Took these the past Thur and Friday, they are tough to photograph, most of these were taken handheld with a Canon 5 DII and 300 2.8 IS II


----------



## USMC0321 (Oct 28, 2012)

Some more


----------



## 7Mag Hunter (Oct 28, 2012)

Great Pics !!!!!!!!!!!!!!!!!

Magical time in the Cove right now...

Thanks for sharing ...


----------



## cre8foru (Oct 28, 2012)

Those are great. Were you out of the car taking the bear cub photos? 
I'd be afraid to get that close.


----------



## Shug (Oct 28, 2012)

awsome shots


----------



## Meriwether_Stalker22 (Oct 28, 2012)

very cool!!  Love it!!


----------



## Hoss (Oct 28, 2012)

Beautiful shots.

Hoss


----------



## XIronheadX (Oct 28, 2012)

Awesome pictures.

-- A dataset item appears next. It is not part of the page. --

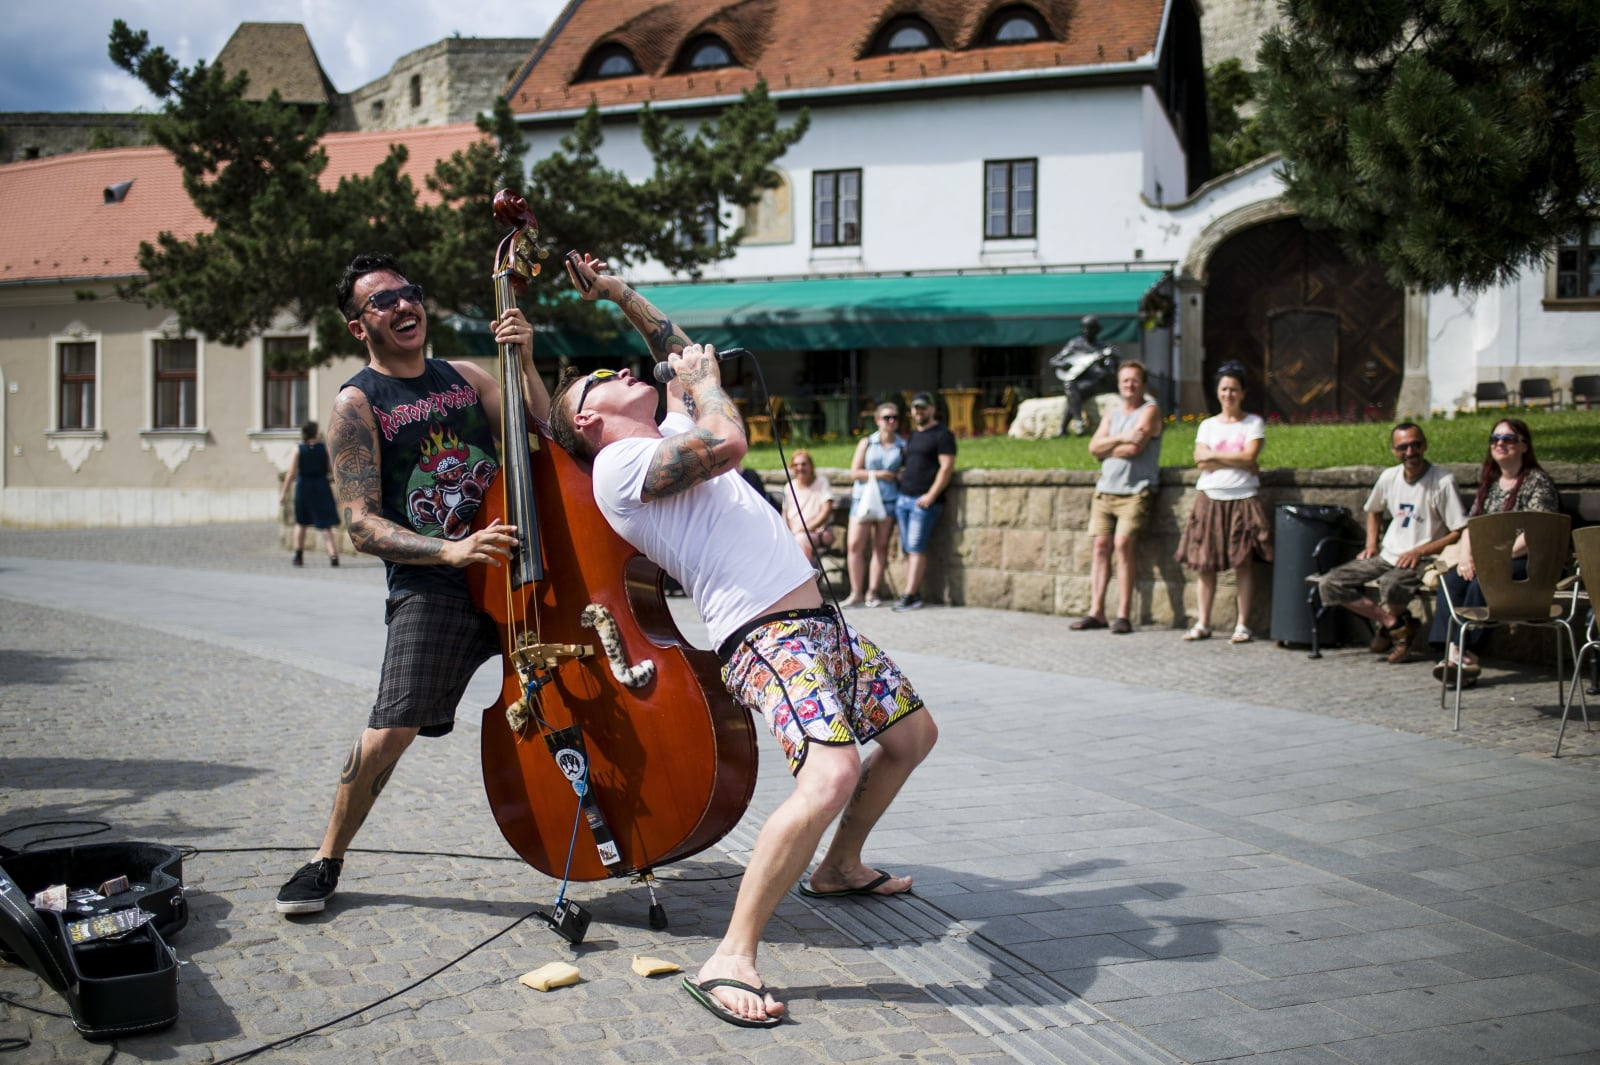 Dzień muzyczny na Węgrzech fot. EPA/Peter Komka HUNGARY OUT  Dostawca: PAP/EPA.
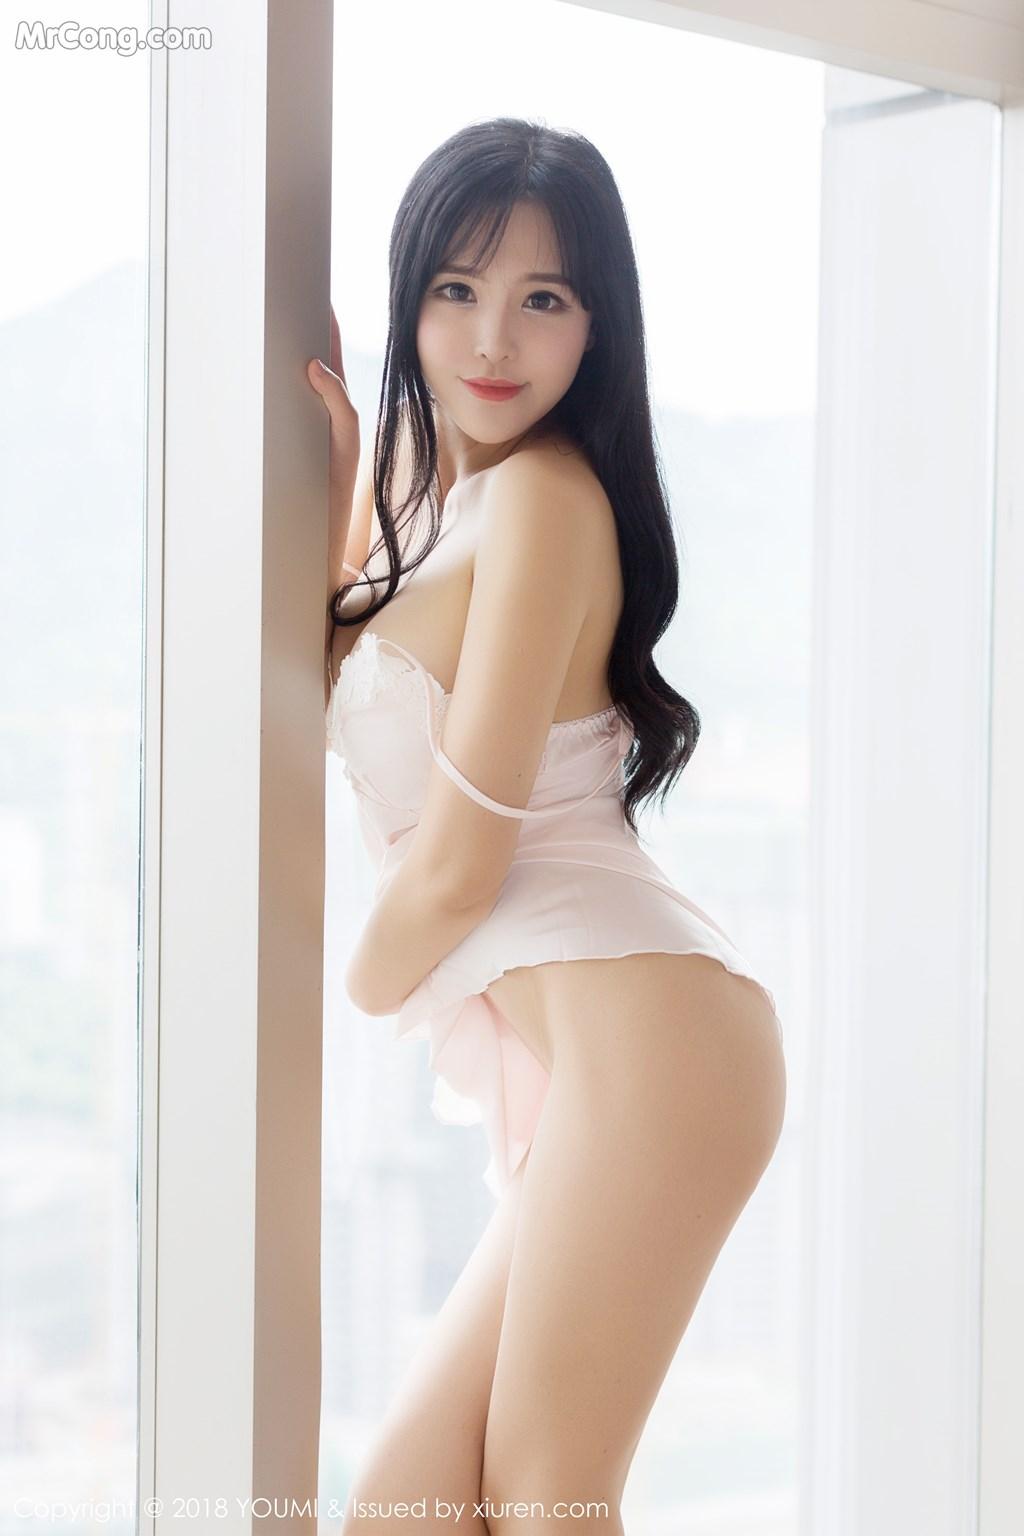 YouMi Vol.117: Model Liu Yu Er (刘 钰 儿) (39 photos)

Thanks for sharing.


----------



## doublebrowtine (Oct 28, 2012)

Great pictures


----------



## pdsniper (Oct 29, 2012)

those were some fantastic shot I love the ones of the bear resting on his back


----------



## Lindseys Grandpa (Oct 29, 2012)

Great pic's


----------



## BriarPatch99 (Oct 29, 2012)

Love them all ... but the resting bear is really neat!


----------



## blood on the ground (Oct 29, 2012)

i love that place, great shots also!


----------



## GAGE (Oct 29, 2012)

Great pics, I have never been there!


----------



## wvdawg (Oct 29, 2012)

Awesome captures!


----------



## quinn (Oct 29, 2012)

Very nice!


----------



## rip18 (Oct 30, 2012)

Looks like you had a great trip with cooperative critters in great light & fall color!  You sure got some goodies!


----------



## Lparker73 (Nov 13, 2012)

awesome, Cade's Cove is such a neat place


----------



## hwaldrop (Nov 17, 2012)

these are great photos!!!


----------



## James Vincent (Nov 22, 2012)

You done pass good. I think I have a new background for computer if I can choose which one


----------



## scott stokes (Nov 22, 2012)

Those are awesome,thanks for sharing


----------



## Crickett (Nov 22, 2012)

Awesome!


----------



## Lee Woodie (Nov 22, 2012)

Great captures way to go


----------



## Woodsong (Nov 22, 2012)

great shots!


----------



## GAJoe (Nov 23, 2012)

Great shots!
 A nice rig you have!


----------